Назвав пароль «Аурелиус», гость протянул ему свою абсолютно плоскую, жесткую, как доска, руку. Его угловатое лицо повернулось к Катрин, чтобы с плаксивой миной принести ей извинения за визит, на который он решился, по-видимому, ошибочно, полагая, что у них здесь, в это время (он блеснул зубами на свои золотые наручные часы) назначена встреча для совместного похода в кино.
— Я послал тебе мейл, — пояснил он. — Ты на него не ответила… Дверь в подъезде была открыта… И я подумал…
— Я рада, что ты пришел, — произнесла Катрин голосом автоответчика.
— Я все равно уже собирался уходить, — дополнил Макс в унисон.
Этим неслыханным враньем он добровольно скрепил акт о своей безоговорочной капитуляции.

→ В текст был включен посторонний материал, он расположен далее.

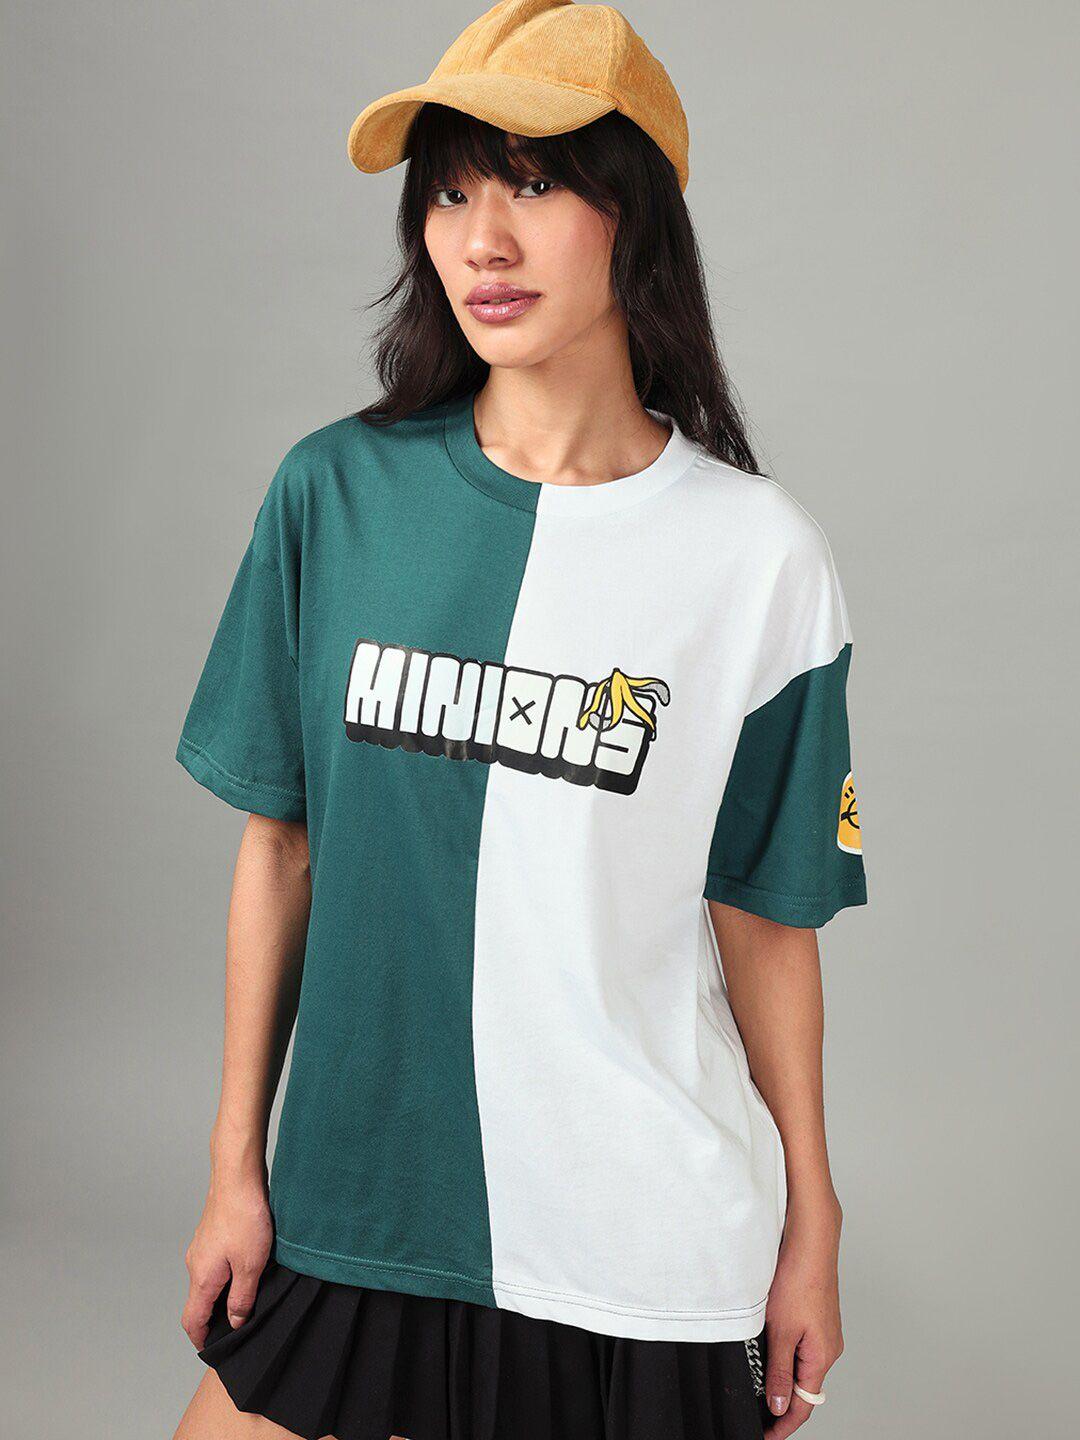 bewakoof official minions merchandise printed oversized t-shirt

Затем, как образцовый неудачник, приветливо протянул Катрин руку и выдавил из себя почти игриво-деликатное:
— Спасибо…
В парке Эстерхази он почувствовал острое желание завыть, как стадо фрустрированных волков. Но, неожиданно представив себе лицо Паулы, рассмеялся.

 

Визит Аурелиуса закончился гораздо раньше, чем ему того хотелось. Через несколько секунд после ухода Макса у Катрин начался острый приступ мигрени, который еще больше обострился и перешел в истерику, когда Аурелиус вызвался посидеть у ее кровати, пока ей не станет легче. Через четверть часа он наконец — не без помощи Катрин — понял, что не сможет ей помочь, и ушел. Успех героической операции по удалению нежелательного гостя на некоторое время в какой-то мере утешил ее и примирил с пережитым разочарованием.
Потом она почувствовала, как в ней опять поднимается горечь злополучного поцелуя. Решив не прятать голову в песок, она открыто призналась себе в том, что безнадежно влюбилась в Макса, но тут же поклялась трактовать слово «безнадежно» буквально и не дать ему ни малейшего шанса сблизиться с ней. Чтобы слово не расходилось с делом, она отключила телефон, домофон и компьютер.
А чтобы чувство безутешности стало еще более профессиональным, чтобы еще более добросовестно расковырять свои кровоточащие раны, она включила телевизор и принялась «листать» программы. Через какое-то время она остановила свой выбор на передаче, посвященной раннему распознаванию и эффективным методам лечения гепатита Е.
«Вот самый подходящий финал для этого идиотского вечера», — подумала она. На пятом пациенте, делившемся со зрителями своим печальным опытом борьбы с гепатитом Е, она наконец позволила себе уснуть.